Researchers brainstorm radical ways to counter climate change

By Erika Engelhaupt

None of the scientists in the room so much as blinked when David Keith suggested saving the world with spy planes spraying sulfuric acid.

Keith, a physicist at the University of Calgary in Canada, was facing an audience not likely to be shocked: nearly 200 other researchers, some of whom had their own radical ideas for fighting global warming. His concept was to spray a mist of sulfuric acid high in the stratosphere to form particles called sulfate aerosols, which would act like a sprinkling of tiny sunshades for the overheating Earth.
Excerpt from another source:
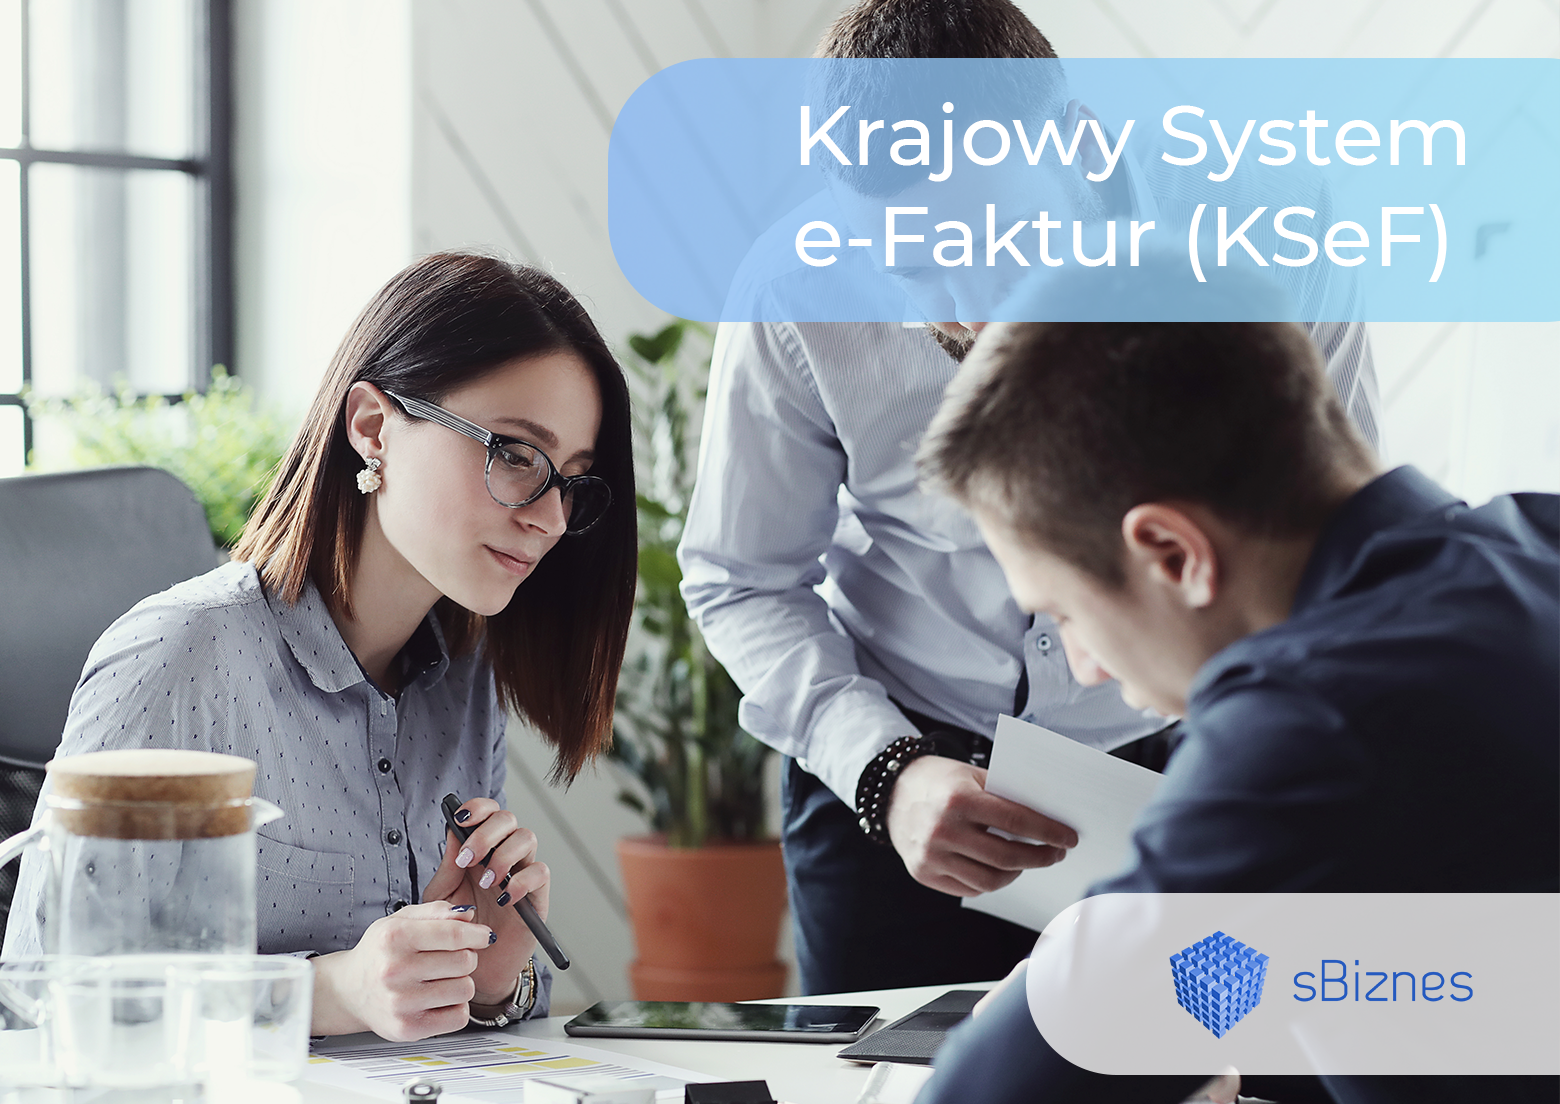 KSeF - Krajowy System elektronicznych Faktur

Keith’s idea may sound outrageous, but it is just one of many proposals for bumping the global thermostat down a couple of degrees by tinkering directly with the planet’s heating and cooling systems. Plans to cool the Earth range from shading it to fertilizing it, from seeding clouds to building massive supersuckers that filter greenhouse gases from the air. The schemes are all part of a growing field known as geoengineering: a subject once taboo for all but the scientific fringe, but now beginning to go mainstream.
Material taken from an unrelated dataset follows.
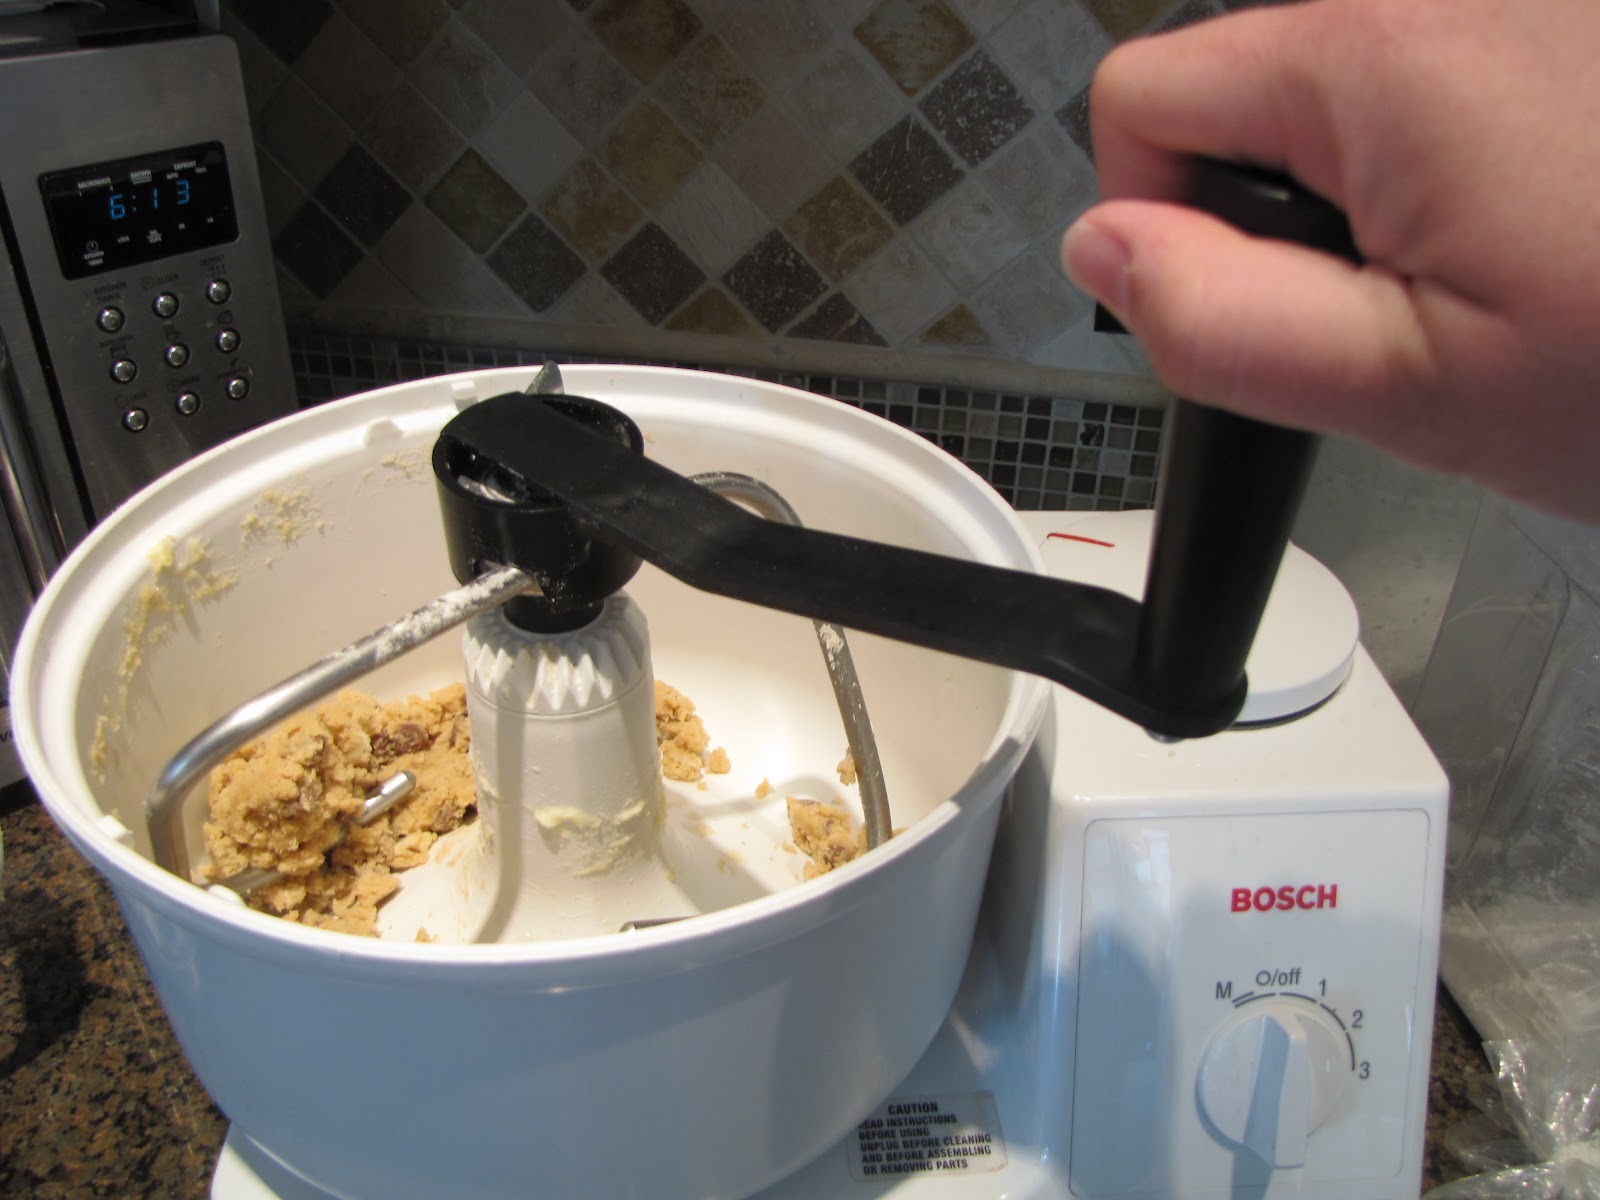 Hand-cranked dough mixer

So far the tinkering happens mainly in computer models, where researchers are trying to figure out geoengineering’s potential side effects. Yet some technologies are in the prototype stage, governments are starting to consider geoengineering seriously and budding geoengineers are working out how to proceed safely, and ethically, with real-world experiments.

“It truly is asking giant questions which nobody really knows the answers to,” Keith says — “like how we manage the whole Earth.”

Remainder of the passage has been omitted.